Mar 28, 2011, 7:29:44 PM3/28/11

to

"Ulrich Eckhardt" <ulrich....@dominolaser.com> schrieb im Newsbeitrag
news:ikcr58-...@satorlaser.homedns.org...
> Matthias Hofmann wrote:

>> //params find and replace cannot be NULL
>> void FindAndReplace( std::string& source, const char* find, const char*
>> replace )
>> {
>> //ASSERT(find != NULL);
>> //ASSERT(replace != NULL);
>> size_t findLen = strlen(find);
>> size_t replaceLen = strlen(replace);
>> size_t pos = 0;
>>
>> //search for the next occurrence of find within source
>> while ((pos = source.find( it, pos)) != std::string::npos)
>> {
>> //replace the found string with the replacement
>> source.replace( pos, findLen, replace );
>>
>> //the next line keeps you from searching your replace string,
>> //so your could replace "hello" with "hello world"
>> //and not have it blow chunks.
>> pos += replaceLen;
>> }
>> }
>
> This seems to use "it" but never to define that...or maybe its too early
> in
> the morning for me to find. In any case, the approach looks much like the
> template function above, although better documented. However, it also
> suffers from possible slowness, which is cute because the author tried to
> avoid unnecessary copying by passing in a reference but completely failed
> at the algorithm.

Obviously the author has not tried to compile his code, as "it" is in fact
not defined. He must have meant "source". I have corrected this mistake and
I am now using his function in my project, which works fine:

void FindAndReplace( std::string& str,
const std::string& find, const std::string& repl )
{
// Get the length of the substring to be found.
std::string::size_type flen = find.length();

// Get the length of the replacement substring.
std::string::size_type rlen = repl.length();

//
// Find and replace each occurrence
// of the substring to be found with
// the replacement substring.
//
for ( std::string::size_type pos = 0;
( pos = str.find( find, pos ) ) !=
std::string::npos; pos += rlen )
str.replace( pos, flen, repl );
}

It could be documented better, but its main caveat is the performance
penalty incurred. I don't know how std::string:replace() is implemented, but
I assume that it pretty much behaves the way you are describing it further
below in your reply.

>> I feel like using this function, but the problem is that I am not sure
>> whether there is any reason not to construct a std::string from a char
>> buffer that was loaded from a text file, like "\0" characters for example
>> - is possible for a "\0" character to show up in the middle of a text
>> file, such messing up my find and replace function?
>
> General rule: If you expect text, verify that you got text. You can always
> have file corruption, users renaming their GINAWI~1.MPG to THESIS.TXT etc.

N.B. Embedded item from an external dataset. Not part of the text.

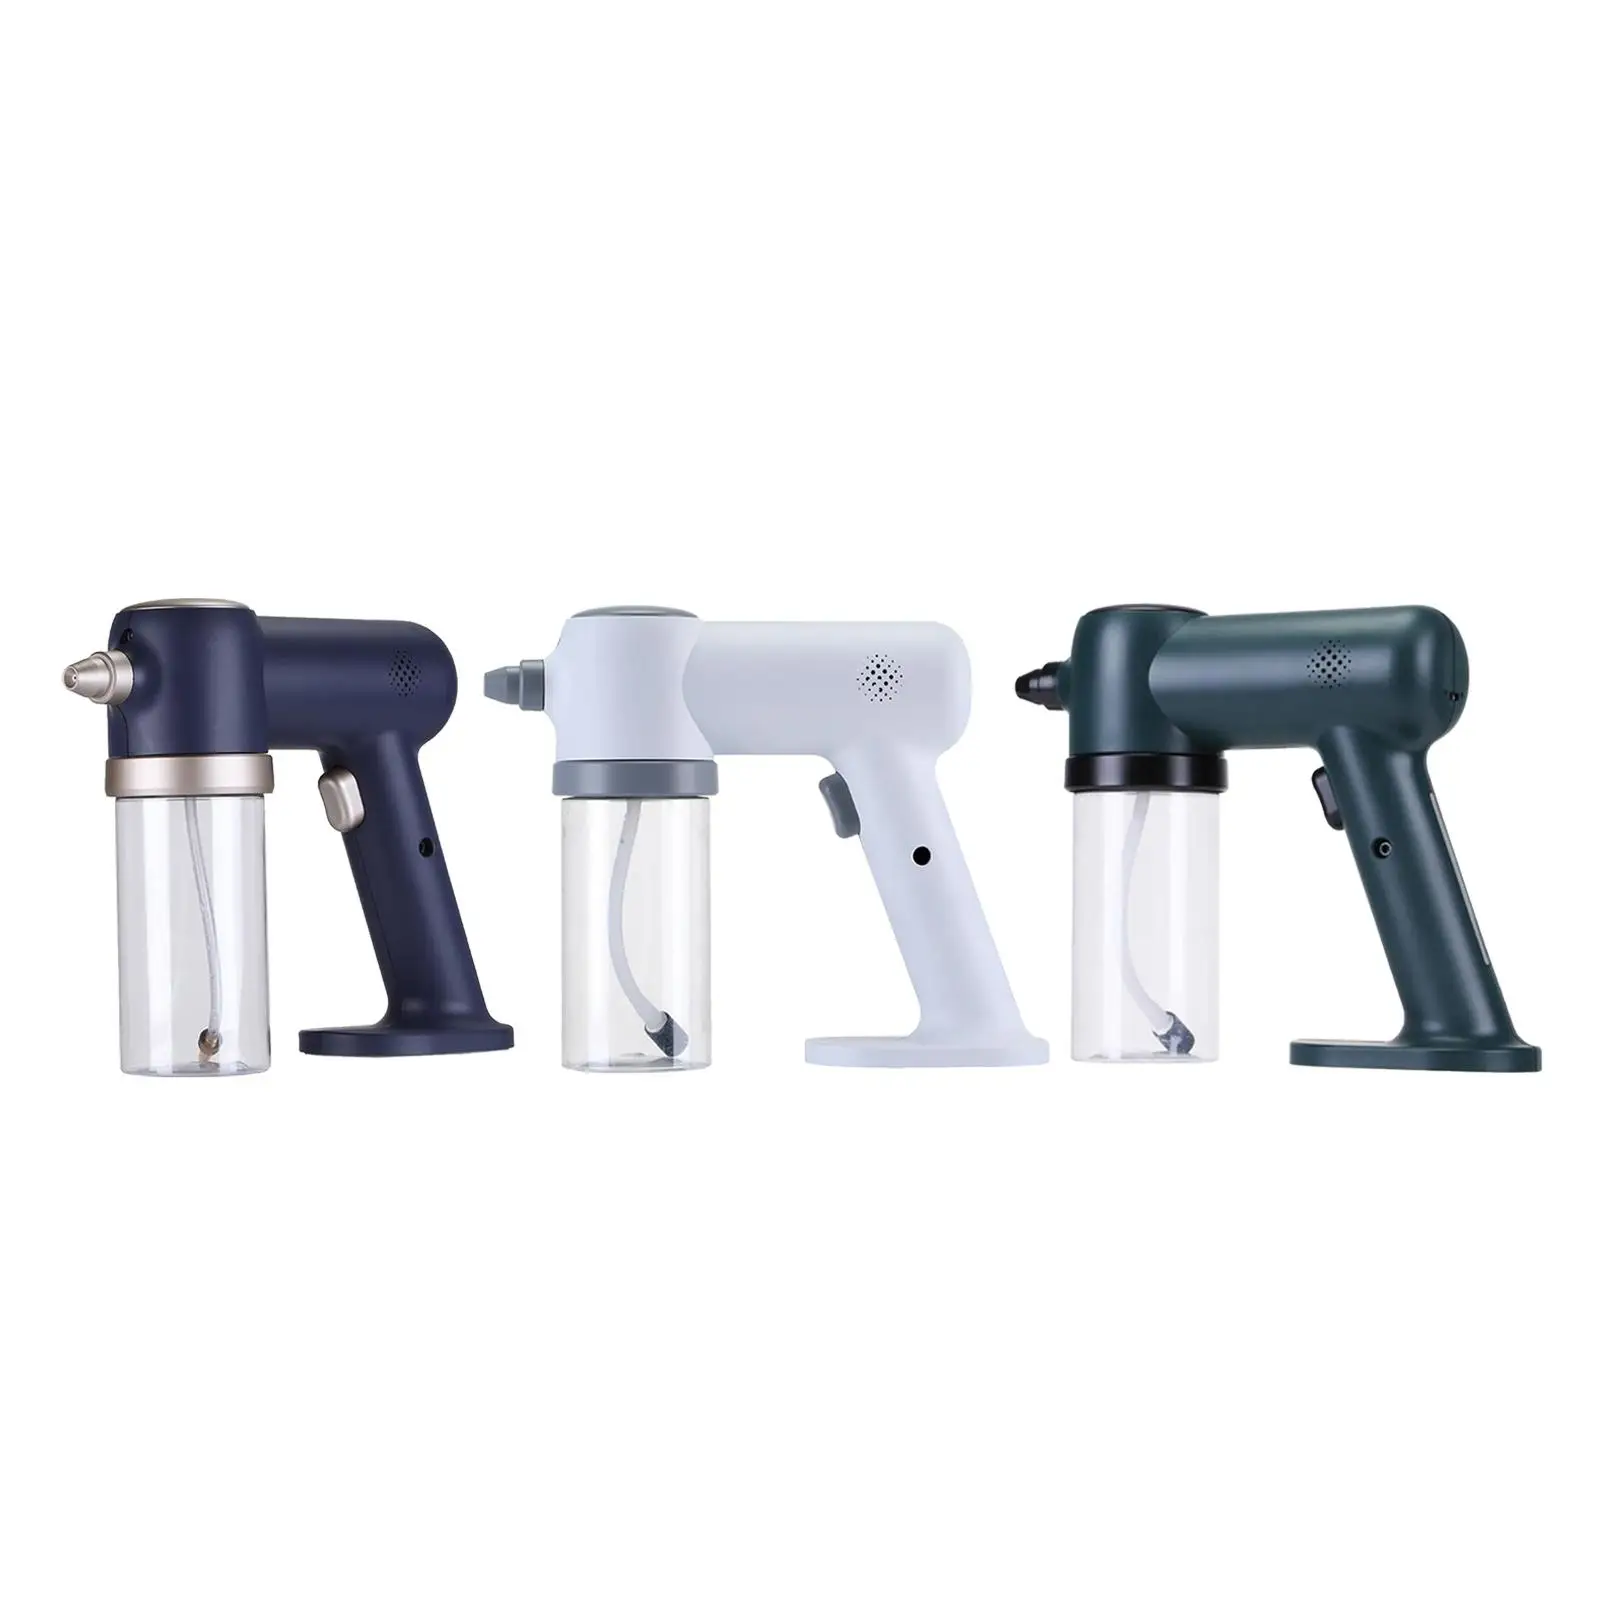 300ML Handheld Nano Atomization Sanitizer Sprayer Blue Light Rechargeable Spray Gun Home Disinfection Machine Atomizer

How can you verify whether you got text? The file extension is just a hint,
and they are not always used on some systems like Linux. One could check
whether the file contains only ASCII graphic symbols, but what if the text
is based on some exotic code page? And finally, it may be a stupid question,
but would it be possible for a "\0" character to show up in the middle of
text file? At the moment I am constructing a std::string from my char buffer
like this:

// "size" is the buffer size in bytes.
std::string buffer( buffer, size );

Is there anything wrong with that? It should work even when actually opening
an MPG file, although in this case, substring find and replace is likely to
find nothing except some meta tags in the file header maybe.

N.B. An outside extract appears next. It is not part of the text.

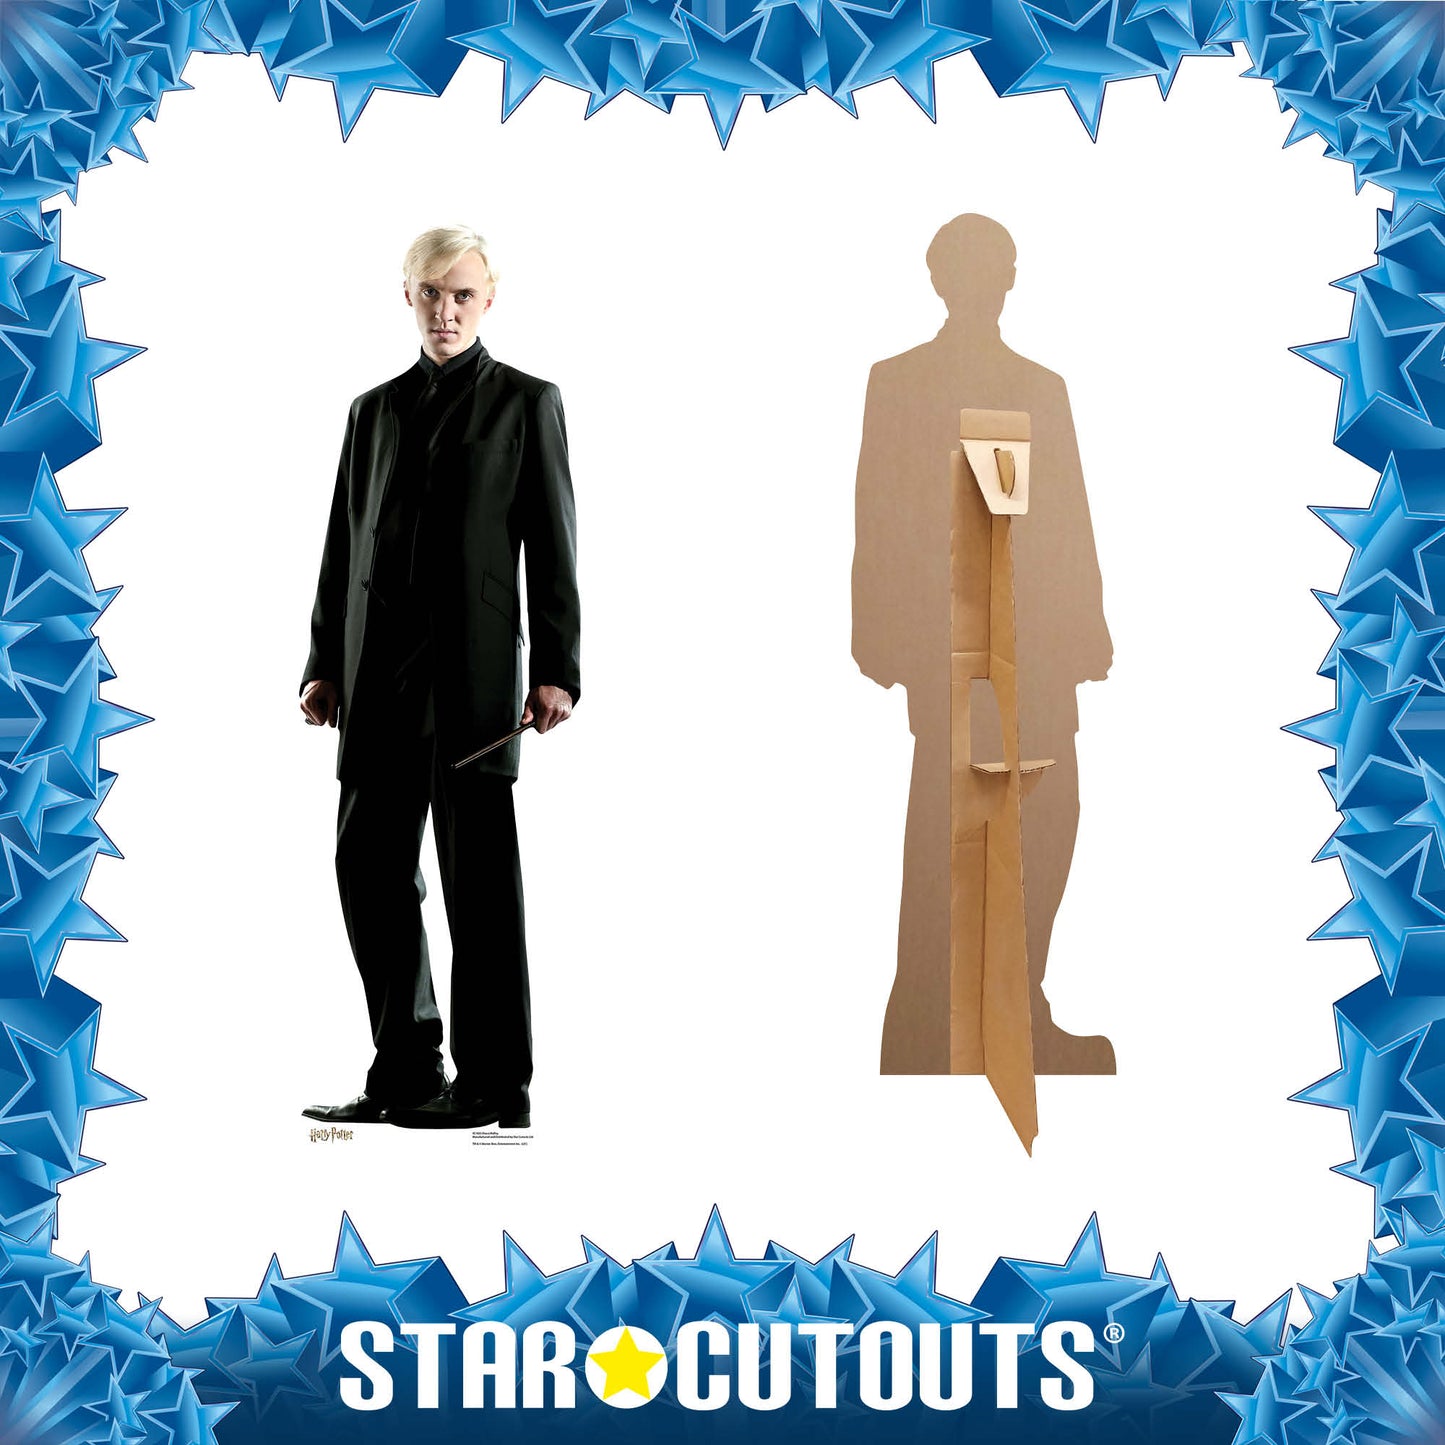 SC1655 Draco Malfoy Star Mini Cardboard Cut Out Height 90cm

> If you have the string "abc" and replace "b" with "xx", you leave the "a"
> alone, then move the "c" one position back and then copy the "xx" into the
> space in between. If you have "axxc" and replace the "xx" with a "b", you
> move the "c" one position up front and then copy the "b" in the space in
> between. In both cases, and that's what makes it slow, you have to touch
> all the characters after the replacement position.
>
> This means that the implementation is an O(m*n) algorithm, with n being
> the
> number of characters in the string and m being the number of times the
> substring is found. I had this very algorithm (just written differently)
> and I was using it for a long time without problems on files that are
> typically not larger that 10k. Then, some day someone came up with a file
> that had 200k. The execution time with 10k was not noticeable (let's say
> it
> was 500ms). With 200k and an O(n*n) algorithm (m was a fraction of n in my
> data), it turned out to be 400 times as much, 20s, which is a lot of time
> to wait for a program's response.
>
> Anyhow, a better approach is this:
> 1. Allocate a second buffer of sufficient[1] length.
> 2. Search for the sequence to replace.
> 3. Append anything before that to the buffer.
> 4. Append the replacement to the buffer.
> 5. Continue with 2.

Olek's reply contains an alternative version of the first function in my
original post, and it does pretty much what you are suggesting:

#include <iostream>

using namespace std;

char *FindAndReplace( char *str, const char *find, const char *repl )

{
static char buffer[4096];
char *p;

char *begin = str;
int flen = strlen( find );

// Note that buffer may still contain data
// from a previous call to this function.
buffer[0] = '\0';

while ( p = strstr( begin, find ) )
{
strncat( buffer, begin, p - begin );
strcat( buffer, repl );
begin = p + flen;
}

strncat( buffer, begin, strlen( str ) - ( begin - str ) );

return buffer;
}

int main()
{
cout << FindAndReplace( "Hello, world!", "world", "Miami" ) << endl;
cout << FindAndReplace( "Hello, world and new world world!", "world",
"Miami") << endl;
cout << FindAndReplace( "Hello, Capital Letter World!", "world",
"Miami" ) << endl;

return 0;
}

On my compiler, this give sme the following output:

Hello, Miami!
Hello, Miami and new Miami Miami!
Hello, Capital Letter World!

This reminds me that neither my current solution using
std::string::replace() nor the code above offers a case insensitive find and
replace method, but that's not a big issue for me right now. And if I
understand things right, the code above has O( n ) complexity, hasn't it?
It's only drawback is the static sized buffer it uses, but as soon as I got
this fixed, I might use that function rather than the one using
std::string::replace().

--
Matthias Hofmann
Anvil-Soft, CEO
http://www.anvil-soft.com - The Creators of Toilet Tycoon
http://www.anvil-soft.de - Die Macher des Klomanagers

[ See http://www.gotw.ca/resources/clcm.htm for info about ]

Matthias Hofmann

unread,

Mar 28, 2011, 7:28:59 PM3/28/11

to

"olekk" <sasha...@gmail.com> schrieb im Newsbeitrag
news:93c53e03-5c4e-447a...@o21g2000prh.googlegroups.com...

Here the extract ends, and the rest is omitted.